Therapies for ARS qualify as medical countermeasures (MCMs), which are FDA-regulated products that may be used in the event of a potential public health emergency caused by a biological, chemical, or radiological/nuclear material. When developing MCMs for radiological and nuclear threats, it is not ethical or feasible to test a drug’s efficacy by exposing human subjects to high levels of radiation. Given this, the FDA may grant approval based on well-controlled non-clinical studies. There is also a requirement to demonstrate the drug’s safety in humans.
MCMs are purchased and stockpiled by the Department of Health and Human Services, the Department of Defense, and various foreign governments and militaries.

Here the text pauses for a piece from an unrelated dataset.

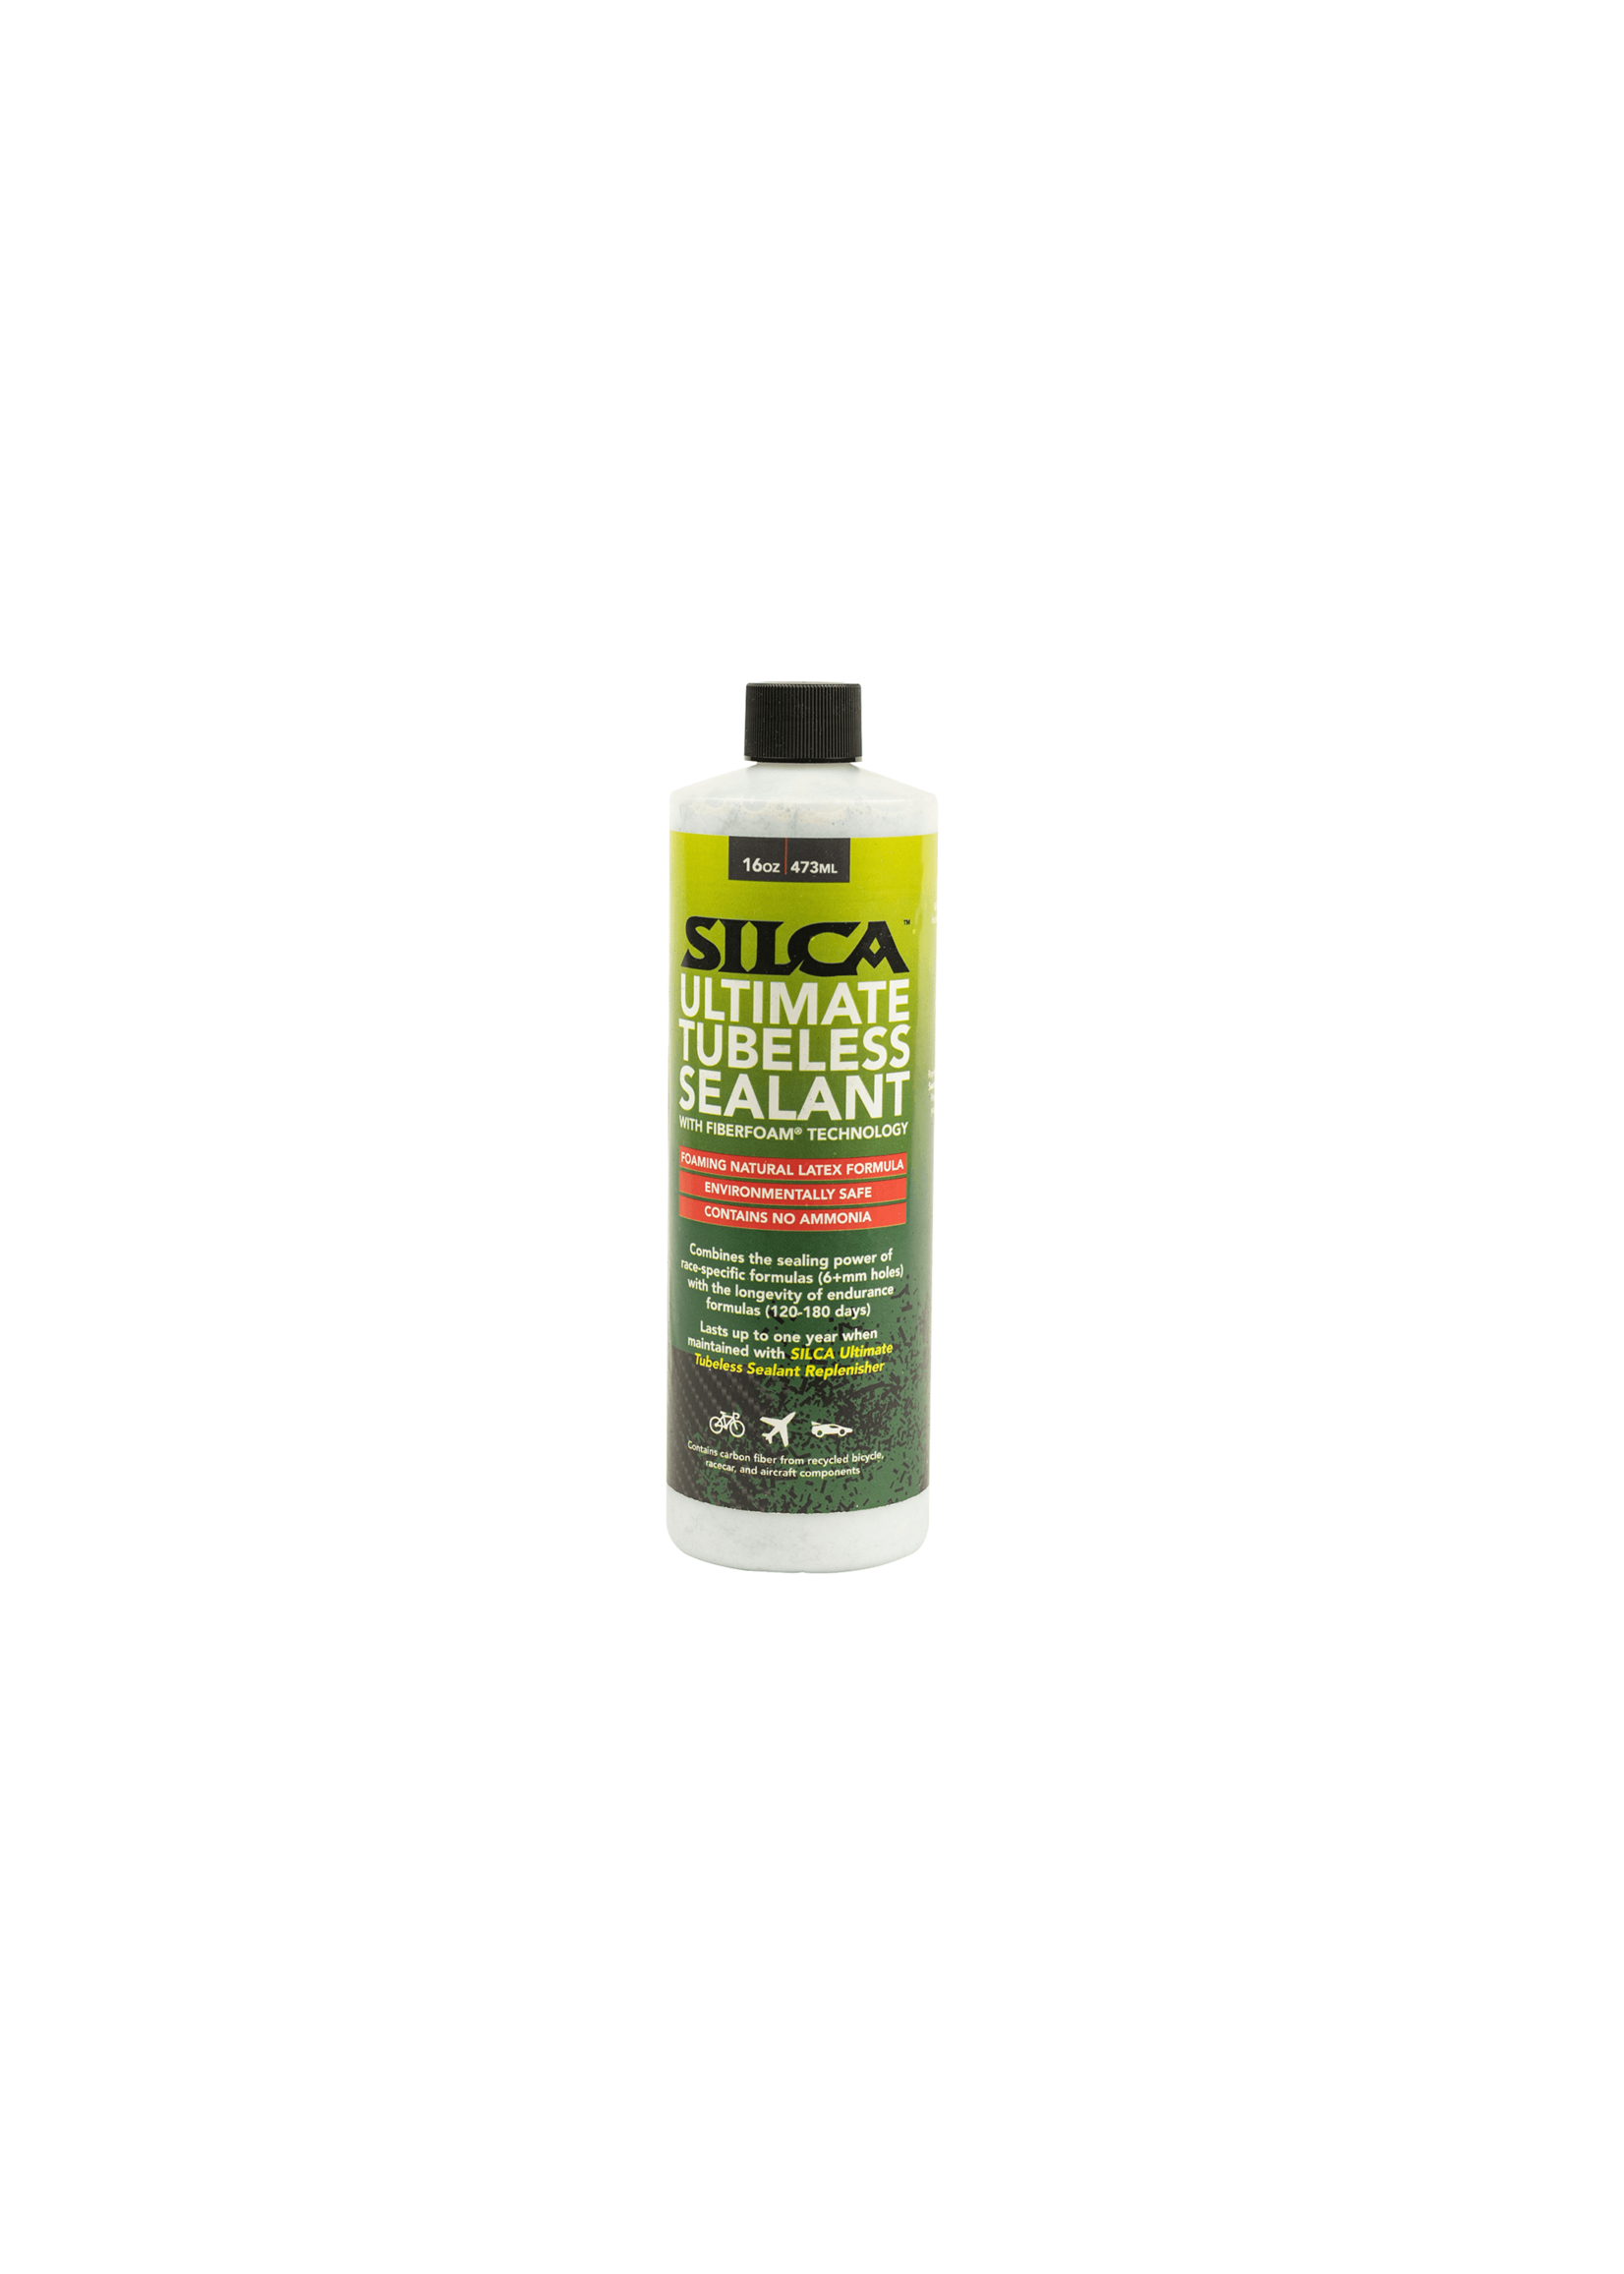 Silca Silca- Ultimate Tubeless Sealant, 16oz

The Biomedical Advanced Research and Development Authority (BARDA), within the Office of the Assistant Secretary for Preparedness and Response in the U.S. Department of Health and Human Services, provides an integrated, systematic approach to the development and purchase of the necessary vaccines, drugs, therapies, and diagnostic tools for public health medical emergencies.
Upon approval, the FDA may award a priority review voucher (PRV) to sponsors of MCMs. A PRV allows for an expedited review process for a new drug application. A sponsor may also sell awarded PRVs to other drug companies. Past transactions of PRVs have resulted in market prices of up to USD 350 million.